Although, the BiLSTM model do not achieve extremely high prediction accuracy in individual samples, the overall relative error fluctuation is small and stable and the average prediction accuracy is higher than other four models. In conclusion, the BiLSTM model has the highest fitness with the small sample multi-source heterogeneous data and the results prove the accuracy, stability, and superiority of the wear prediction model of micro-grinding tool based on the BiLSTM.

4 Conclusions

In this work, the BiLSTM prediction model was constructed to integrate small-sample and multi-source heterogeneous data. The micro-grinding tool wear is characterized and predicted.

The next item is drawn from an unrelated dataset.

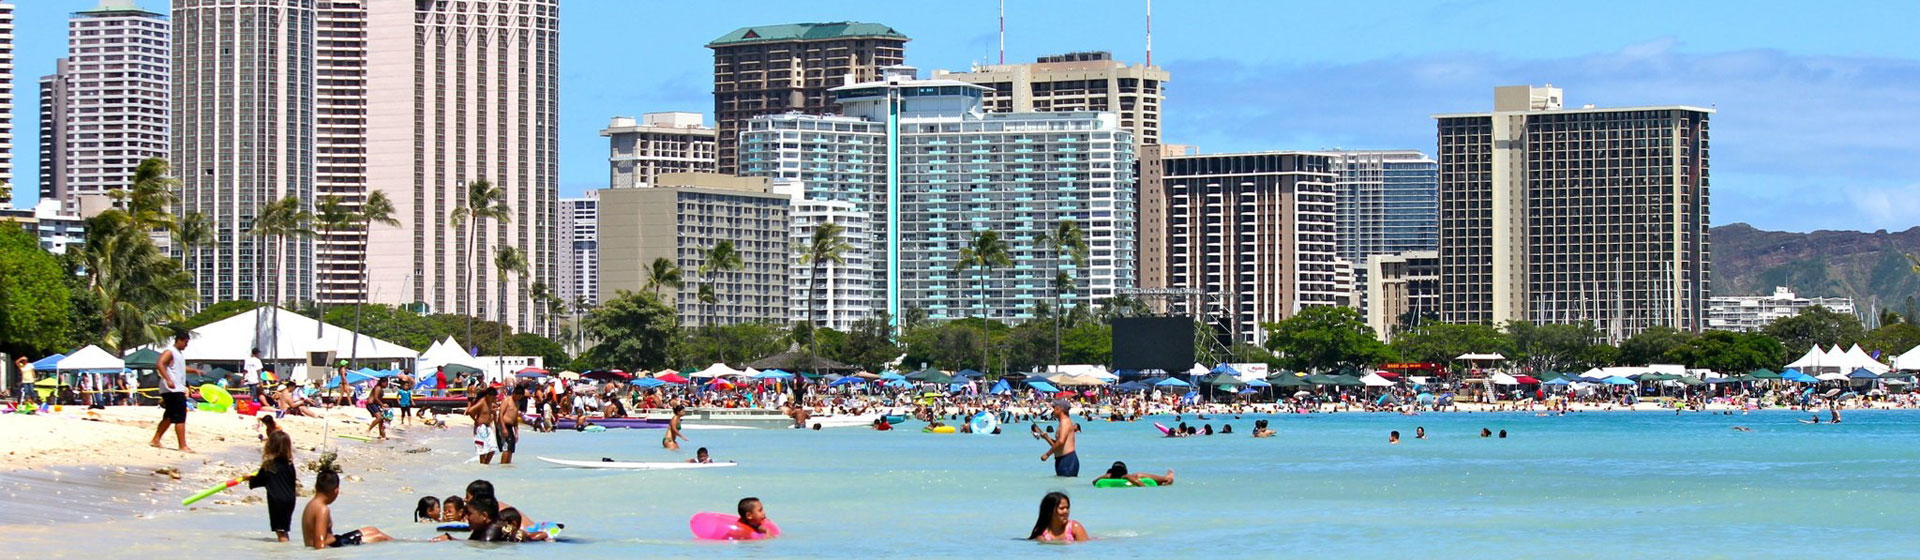 Waikiki Beach, Honolulu, Hawaii.

The calculated and experimental results show that the prediction accuracy of BiLSTM model is 92.08%, which proves the feasibility of the prediction model. In comparison among the GA-BiLSTM, LSTM, and BiLSTM models, the BiLSTM model has the highest prediction accuracy, which indicates that the model has the strongest fitness of architectural depth of model and sample data. In comparison among the BP, GA-BP, and BiLSTM models, the BiLSTM model has the highest prediction accuracy and the smallest relative error fluctuation, which proves the stability and superiority of the BiLSTM model compared with the machine learning methods.

The BiLSTM model proposed in this paper has important scientific significance for the wear characterization and prediction of micro-grinding tools. On the one hand, it is able to guide the replacement strategy so that the processing quality will be ensured and the waste will be reduced. On the other hand, it can provide more solutions for sustainable manufacturing and provide theoretical basis for independent decision-making in precision intelligent manufacturing.